One of the arguments for the mercury-causes-autism hypothesis is that there are subgroups more susceptible to harm from mercury exposures. It is argued that pink disease gives an example for such a susceptibility group.
Pink disease was a reaction to a teething powder which contained mercury. About 1 in 500 children exposed to the powder reacted with pink disease. Two points are important to keep in mind. First, the levels of mercury exposure from the powder were far greater than from vaccines. Second, the exposures were not the same for all children. Some parents would use more teething powder at a time. Some might use it for longer times. This makes it impossible to claim a susceptibility group as the children who showed signs of pink disease could very likely be the ones who had higher levels of mercury exposure.

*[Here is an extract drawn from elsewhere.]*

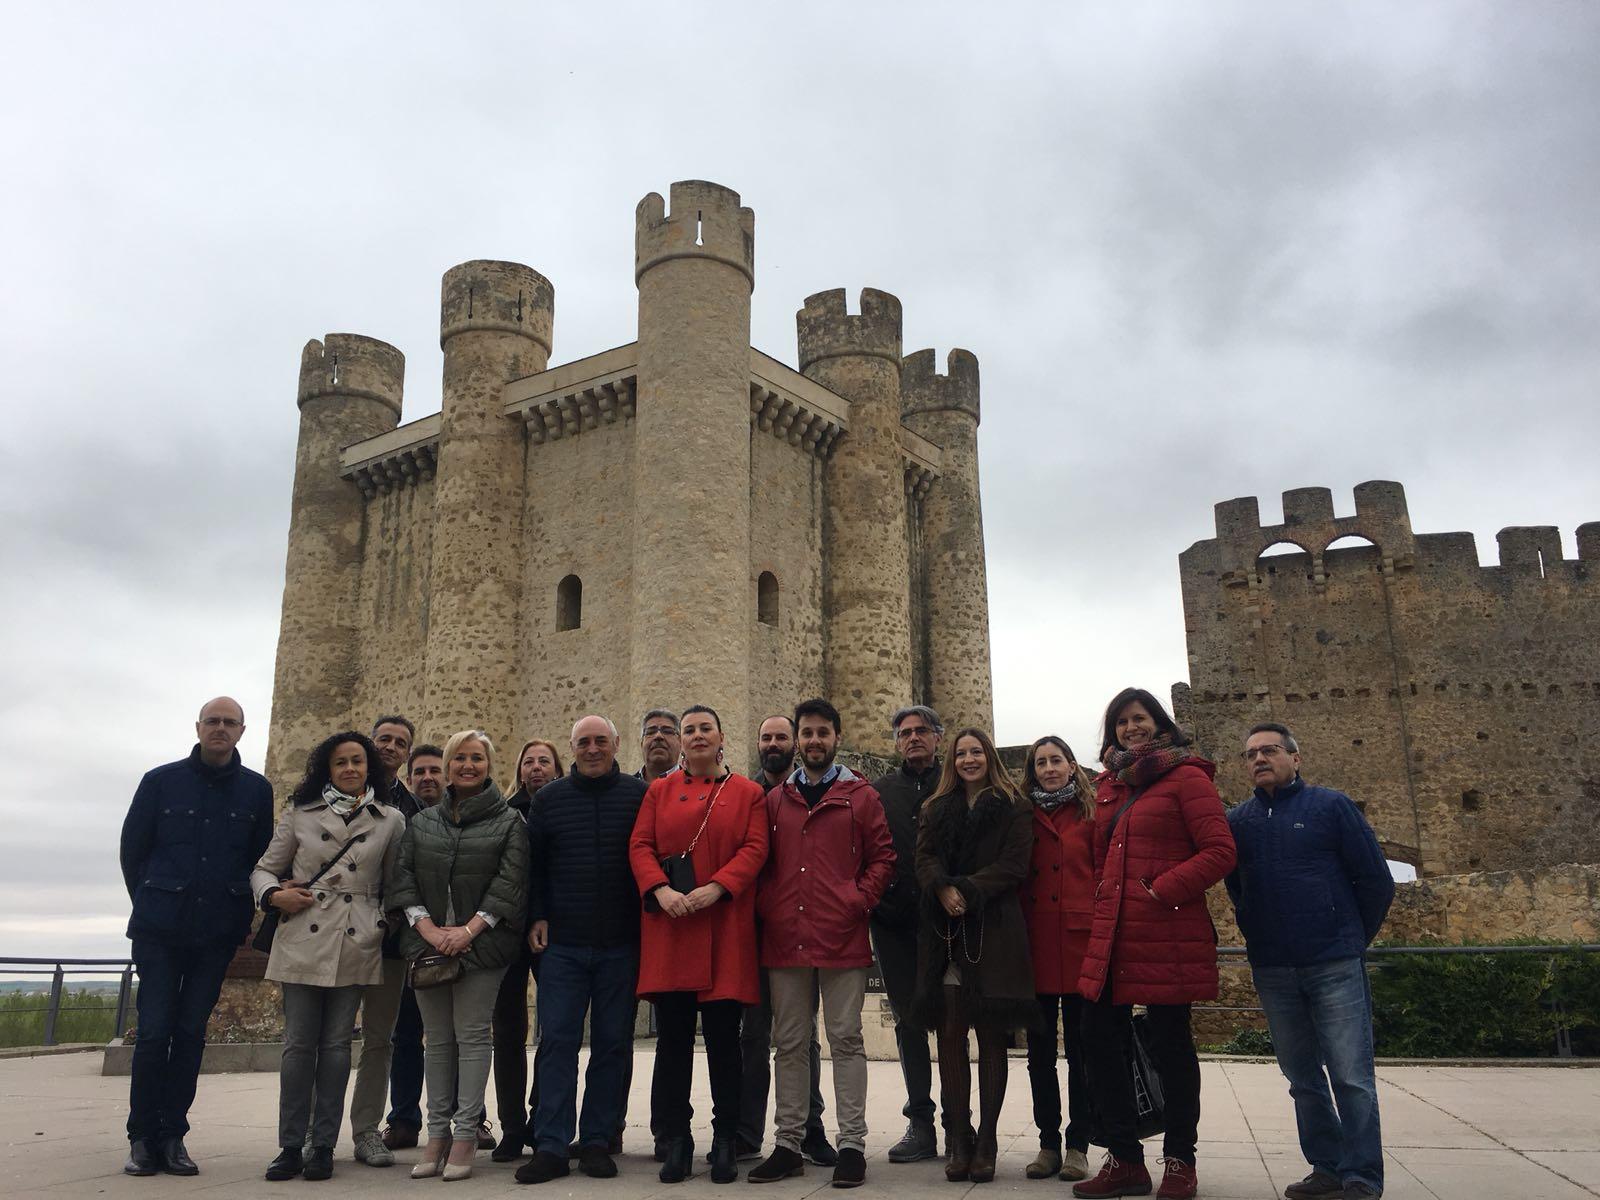 Enoarq Castillo Valencia de Don Juan

In a paper just released, a team of researchers interviewed people who had a history of pink disease. Since that teething powder has been gone for decades, these individuals are now old enough to be grandparents.
This is, at best, a very strange paper. Consider these questions:
1) why aren’t they reporting a high autism prevalence in the people who had very high mercury exposures and who showed signs of pink disease? If there is a genetic susceptibility, why isn’t it seen in those with the greatest exposures?
2) why isn’t there a report of high autism prevalence in the children, just the grandchildren? My guess is that the response from some will be that the grandchildren received higher doses of mercury in vaccines than did their parents. Which again would beg the question of where is the high rate of autism in those exposed to the teething powders, especially those who developed pink disease.
The conclusions of this paper have some major logical hurdles to overcome, to say the least. And this is even before the methods are addressed. For example, this all hinges on reports by the grandparents. Not on an actual prevalence measure of the decendents.
If is already well established that the rise in mercury exposures from childhood vaccines was not the cause of the rise in autism prevalence estimates. It has always been clear that autism is not similar to mercury poisoning symptoms. The mercury hypothesis has been harmful, both to public health and the autism communities The time for papers which pose intriguing questions on this subject has past. Studies with weak methods and poor logic are irresponsible in today’s world.
Here is the abstract:
Pink disease (infantile acrodynia) was especially prevalent in the first half of the 20th century. Primarily attributed to exposure to mercury (Hg) commonly found in teething powders, the condition was developed by approximately 1 in 500 exposed children. The differential risk factor was identified as an idiosyncratic sensitivity to Hg. Autism spectrum disorders (ASD) have also been postulated to be produced by Hg. Analogous to the pink disease experience, Hg exposure is widespread yet only a fraction of exposed children develop an ASD, suggesting sensitivity to Hg may also be present in children with an ASD. The objective of this study was to test the hypothesis that individuals with a known hypersensitivity to Hg (pink disease survivors) may be more likely to have descendants with an ASD. Five hundred and twenty-two participants who had previously been diagnosed with pink disease completed a survey on the health outcomes of their descendants. The prevalence rates of ASD and a variety of other clinical conditions diagnosed in childhood (attention deficit hyperactivity disorder, epilepsy, Fragile X syndrome, and Down syndrome) were compared to well-established general population prevalence rates. The results showed the prevalence rate of ASD among the grandchildren of pink disease survivors (1 in 22) to be significantly higher than the comparable general population prevalence rate (1 in 160). The results support the hypothesis that Hg sensitivity may be a heritable/genetic risk factor for ASD.